Prompt: Using the entries that follow, transcribe only the lines from the line with "Ohio State Logo" to the line with "55f05290a450 PUMA - Puma", both included, exactly as they stand and without pictures.

Data to examine:
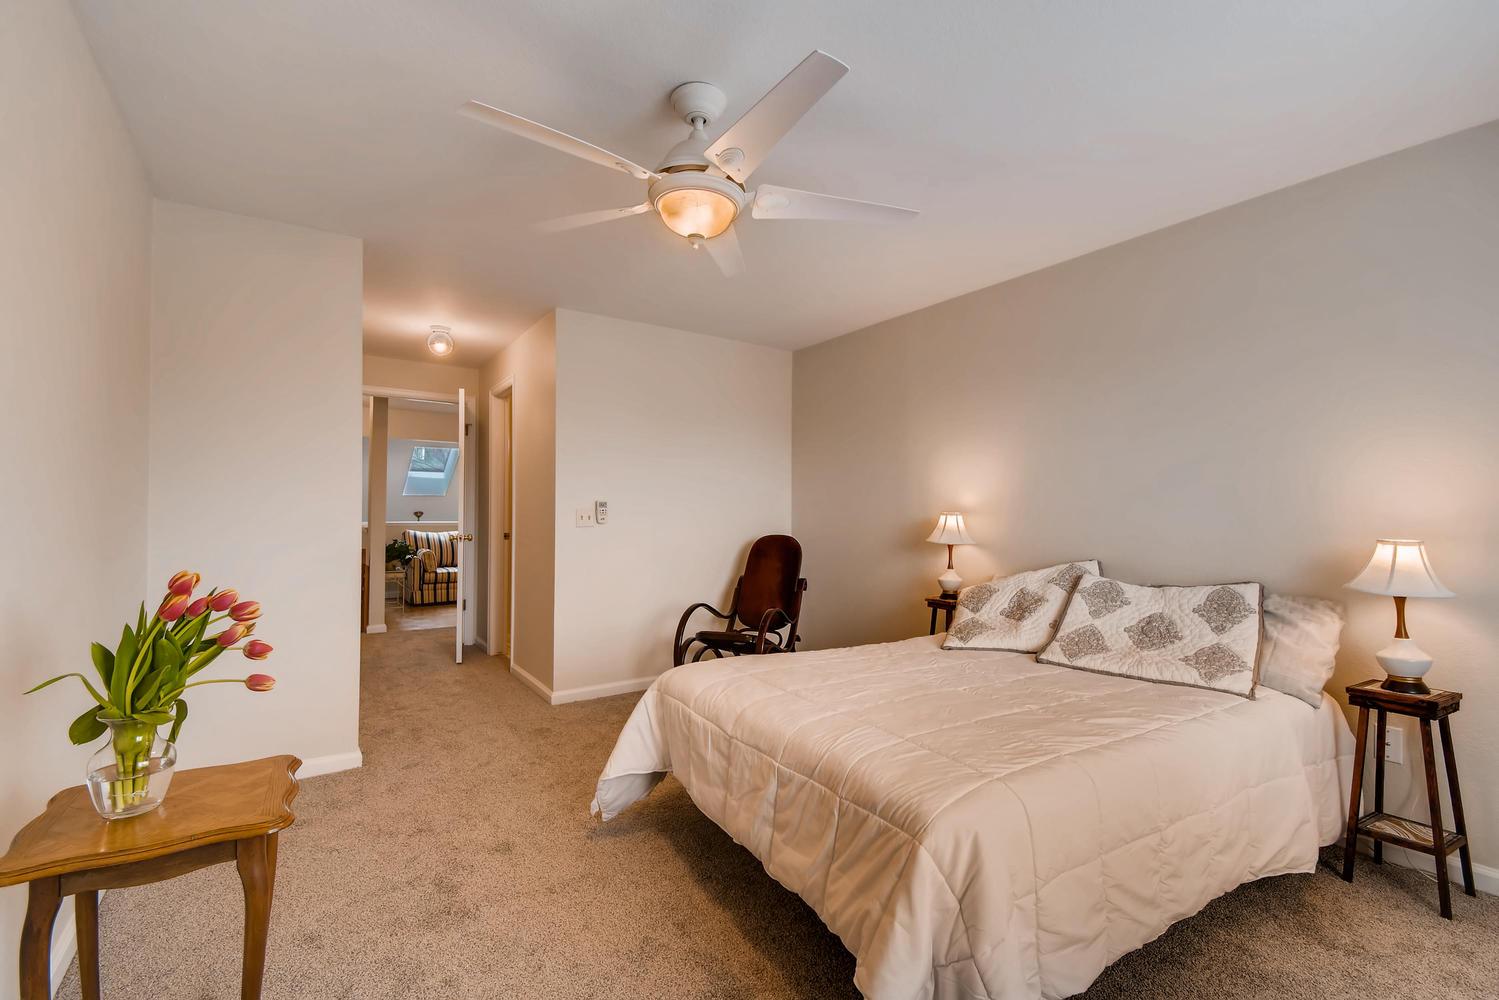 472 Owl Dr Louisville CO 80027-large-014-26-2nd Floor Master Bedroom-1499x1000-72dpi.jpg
---
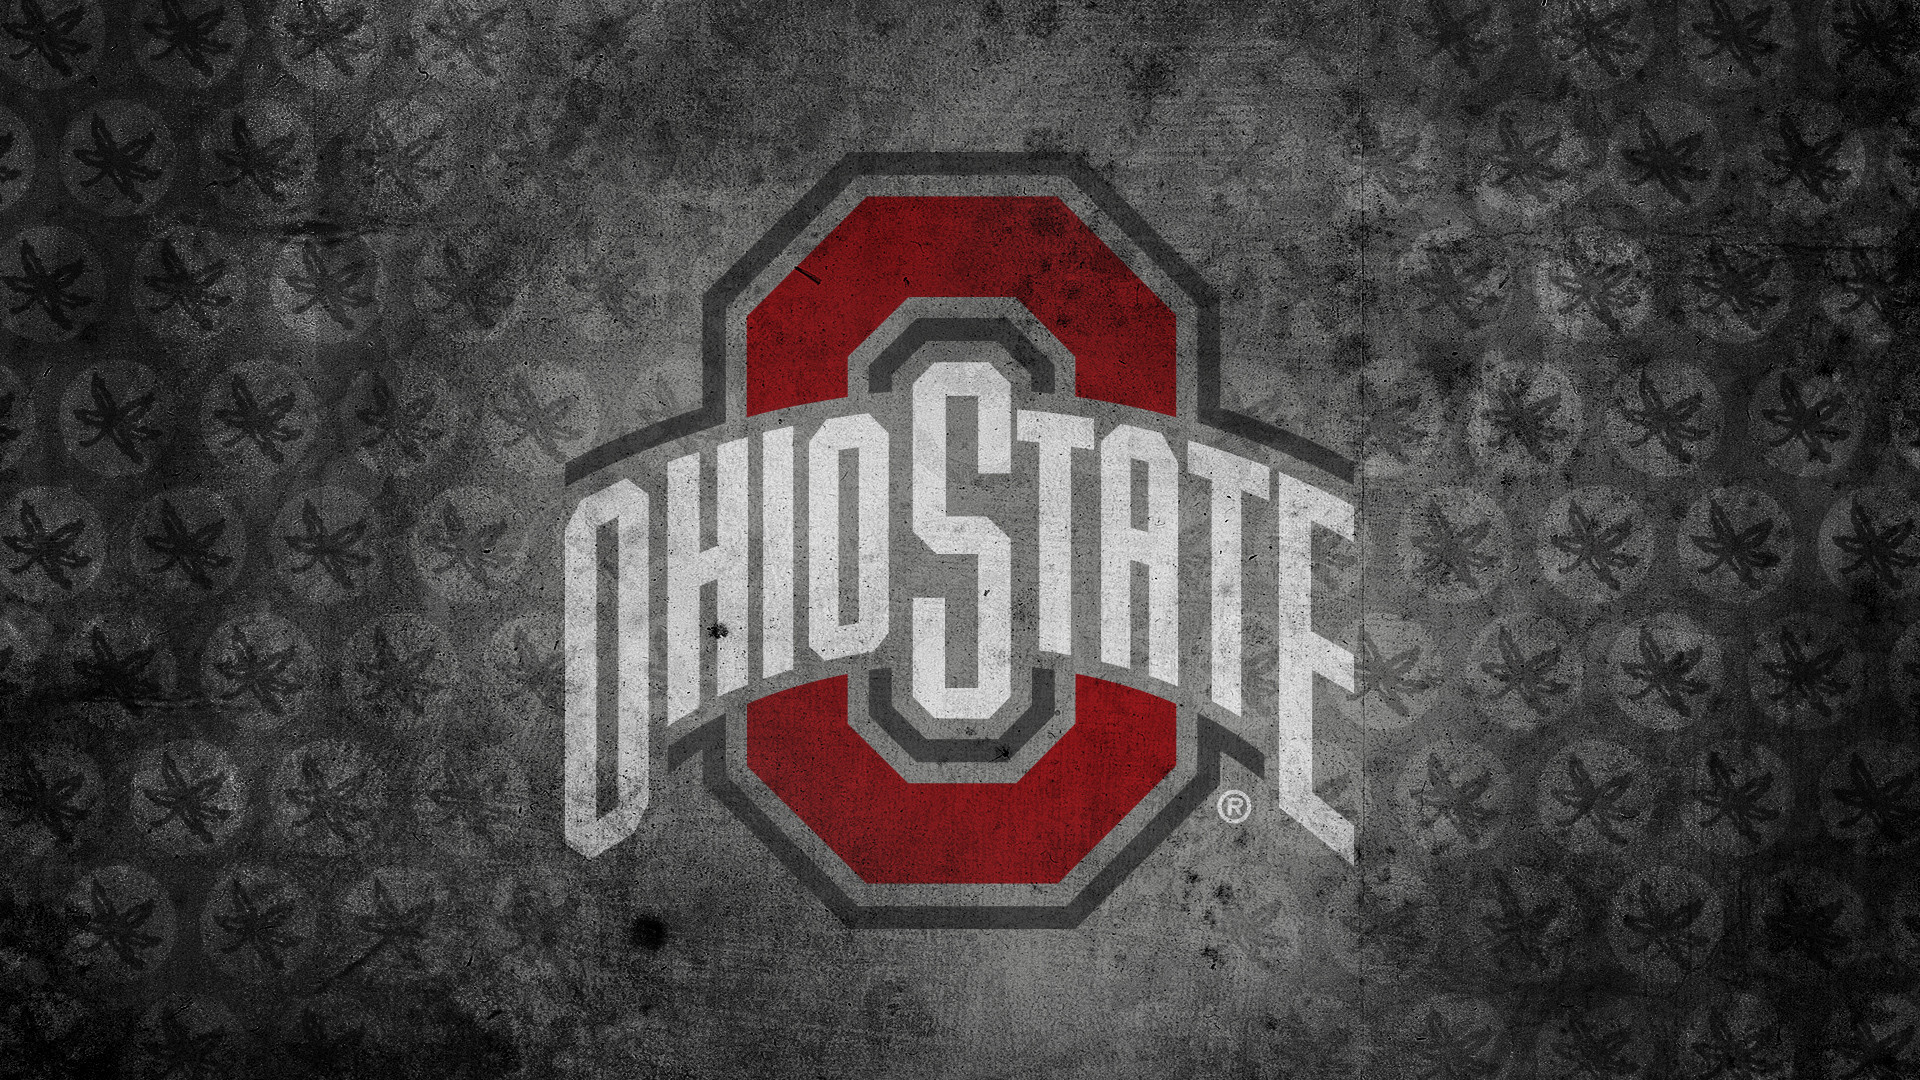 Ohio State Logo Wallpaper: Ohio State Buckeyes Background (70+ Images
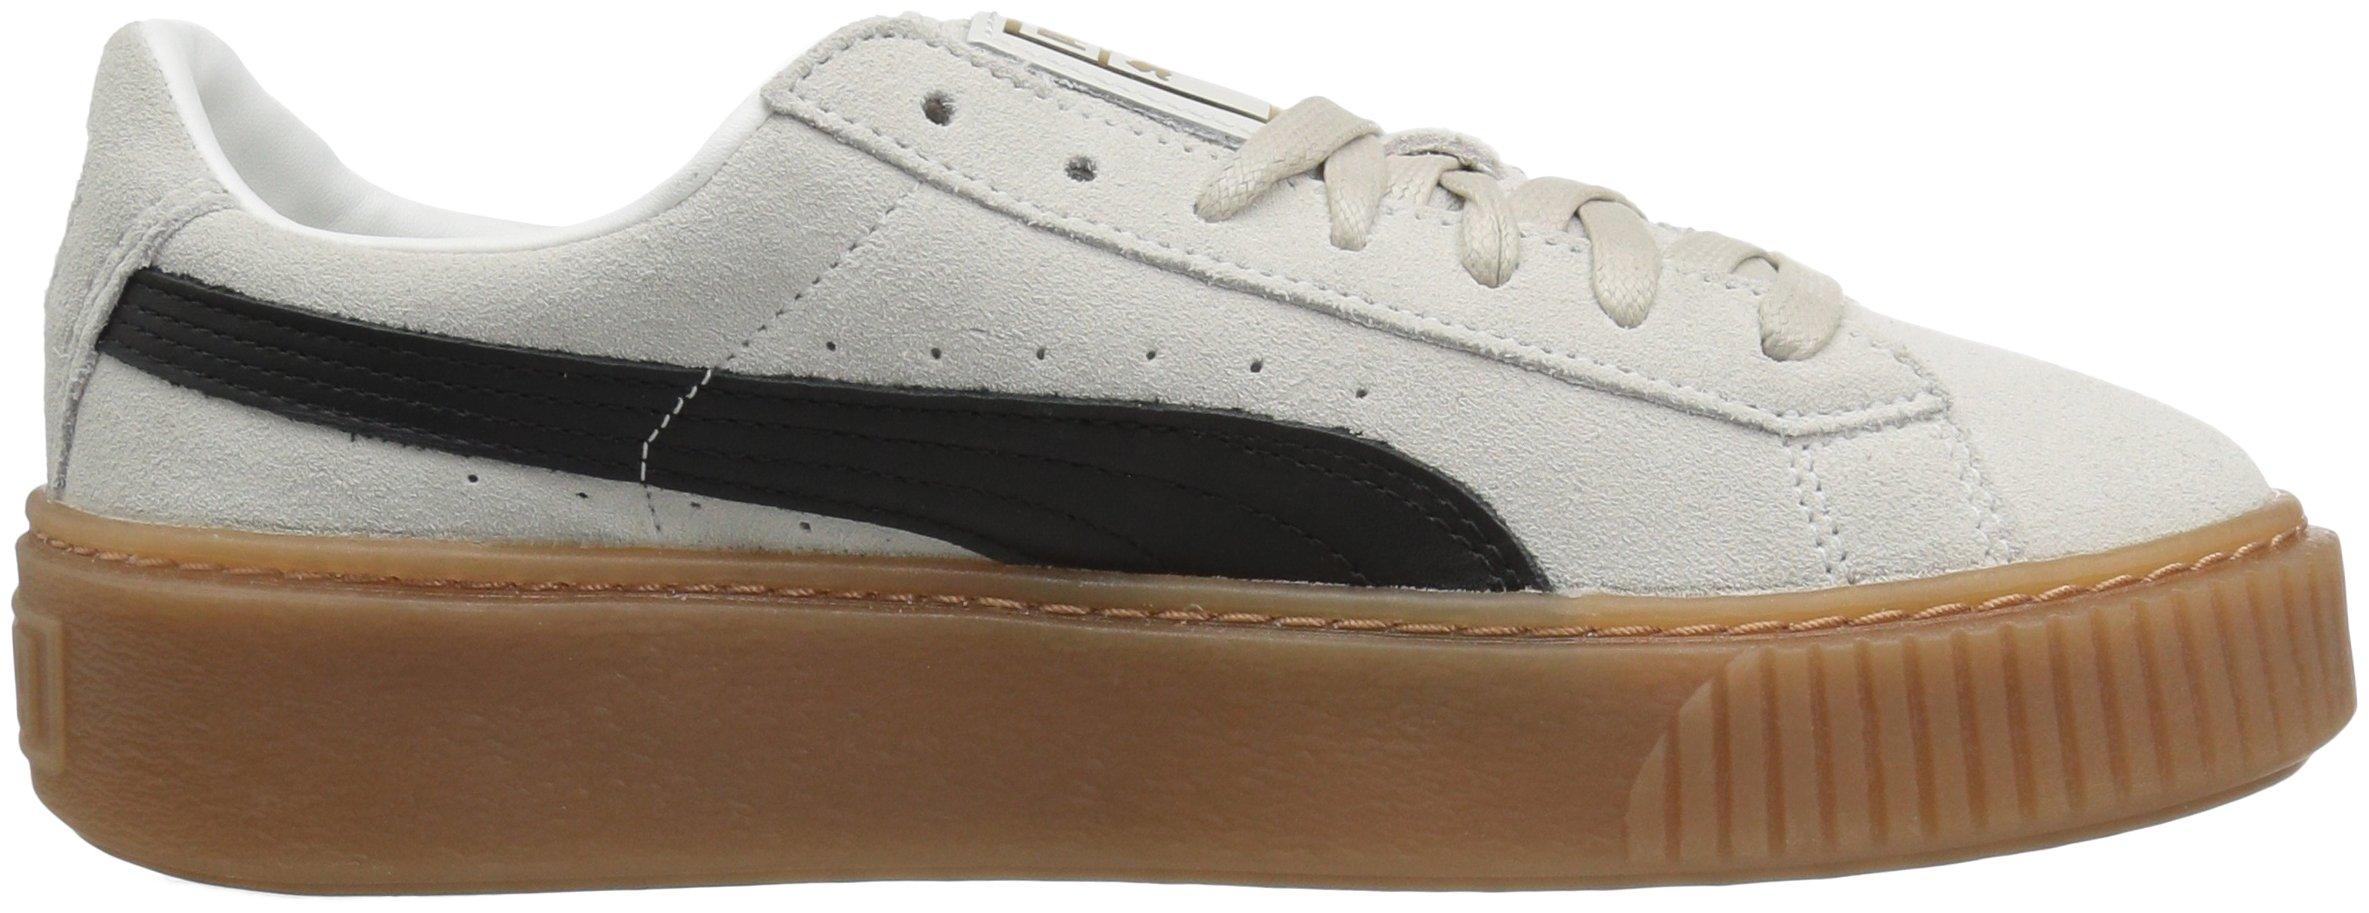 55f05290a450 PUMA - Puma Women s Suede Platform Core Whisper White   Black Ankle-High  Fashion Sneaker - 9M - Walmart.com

Output for this task:
 Ohio State Logo Wallpaper: Ohio State Buckeyes Background (70+ Images
 55f05290a450 PUMA - Puma Women s Suede Platform Core Whisper White   Black Ankle-High  Fashion Sneaker - 9M - Walmart.com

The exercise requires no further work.